The patient was discharged from the hospital 6 days postoperatively without any complications. Eight months after the operation echocardiography showed good left ventricular contractility with an ejection fraction of 65%, good laminar flow to the LCx with no stenosis, and no right pulmonary or ascending aorta stenosis.

Discussion

Anomalous origin of the LCx from the RPA associated with ASD has not been previously reported. Most of the cases reported in the literature are associated with aortic arch anomaly [1], [4], [5]. The symptoms of the anomalous origin of LCx from the RPA may present in different periods of life or patients may remain asymptomatic with the anomaly being discovered accidentally during diagnostic procedures. There are no standard indications or operative techniques for such patients. Our case was diagnosed at age 3 years to have large secundum ASD not amenable to device closure. Abnormal flow on echocardiography was noticed in the RPA but anomalous connection of the coronary arteries was not suspected at first surgery.

One year after ASD closure, follow-up echocardiogram showed mild left ventricle dilatation, normal left ventricular systolic function, but no evidence of ischemic changes by electrocardiogram. Coronary angiogram was done, which confirmed anomalous origin of LCx from RPA. Most LCx anomalies mentioned in the literature were associated with aortic coarctation and almost all cases were discovered accidentally later on after aortic arch repair [1], [4], [5]. Chopra et al. [6] reported a 15-year-old- female patient who underwent surgical correction of an aortopulmonary window at age 13 months. Fourteen years later, she presented with dyspnea on exertion associated with angina. A coronary artery bypass grafting of the anomalous LCx and ligation of its anomalous origin in the pulmonary artery were performed. Sarioglu et al. [4] described a 10-year-old female patient who underwent surgical repair of the aortic coarctation at age 4 years. Six years later, she presented with chest pain during exercise. Cardiac catheterization demonstrated retrograde filling of the LCx from the left anterior descending and right coronary artery, with drainage into the RPA. Alexi-Meskishvili et al. [2] reported two infants with anomalous LCx from PA who had to be operated at ages 40 days and 30 days because of severe myocardial dysfunction. The anomalous LCx was reimplanted to the aorta in the first patient, and simple ligation via left thoracotomy was chosen in the second case.

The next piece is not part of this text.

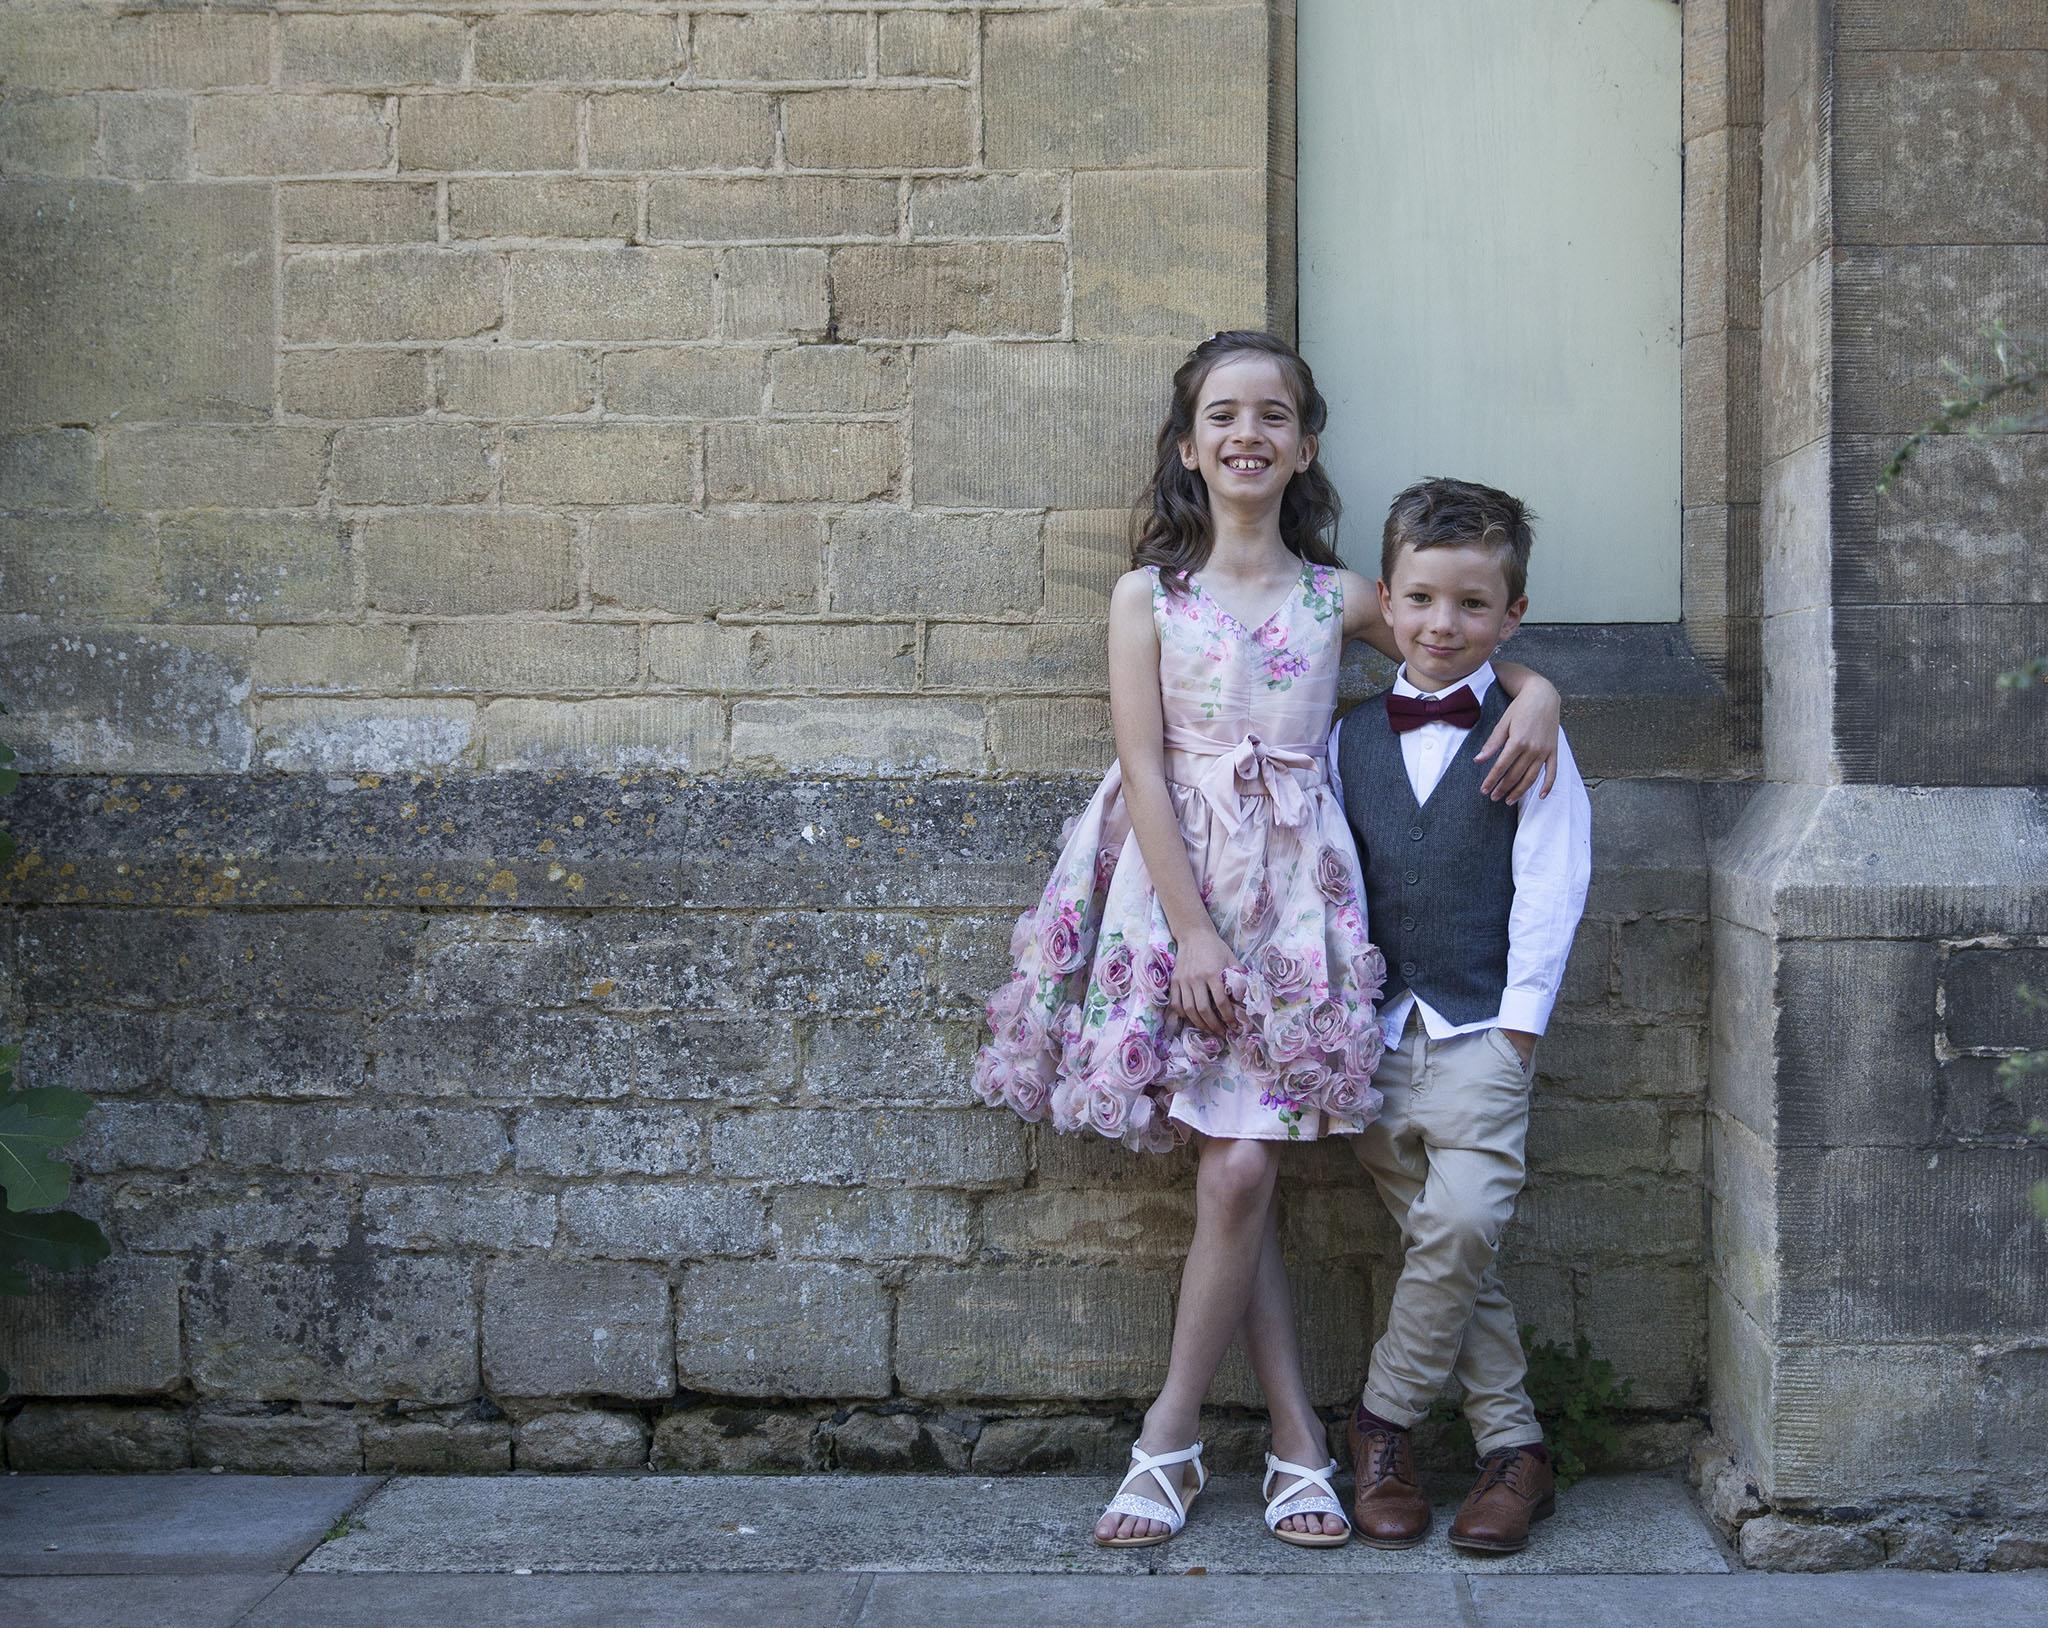 elizabethgphotography_kingslangley_hertfordshire_fineart_wedding_photography_lincolnshire_anna_simon_24.jpg

In conclusion, our patient is the first reported case of anomalous origin of LCx from the RPA associated with ASD. Echocardiography is still the baseline for diagnosis; however, coronary angiogram is required to confirm the diagnosis. Anomalous LCx origin can be silent or can present with ischemic changes, and surgical correction is mandatory even if the patient is asymptomatic.

Ethical approval

All procedures performed in studies involving human participants were in accordance with the ethical standards of the institutional and/or national research committee and with the 1964 Helsinki declaration and its later amendments or comparable ethical standards.

Informed consent

Informed consent was obtained from all individual participants included in the study.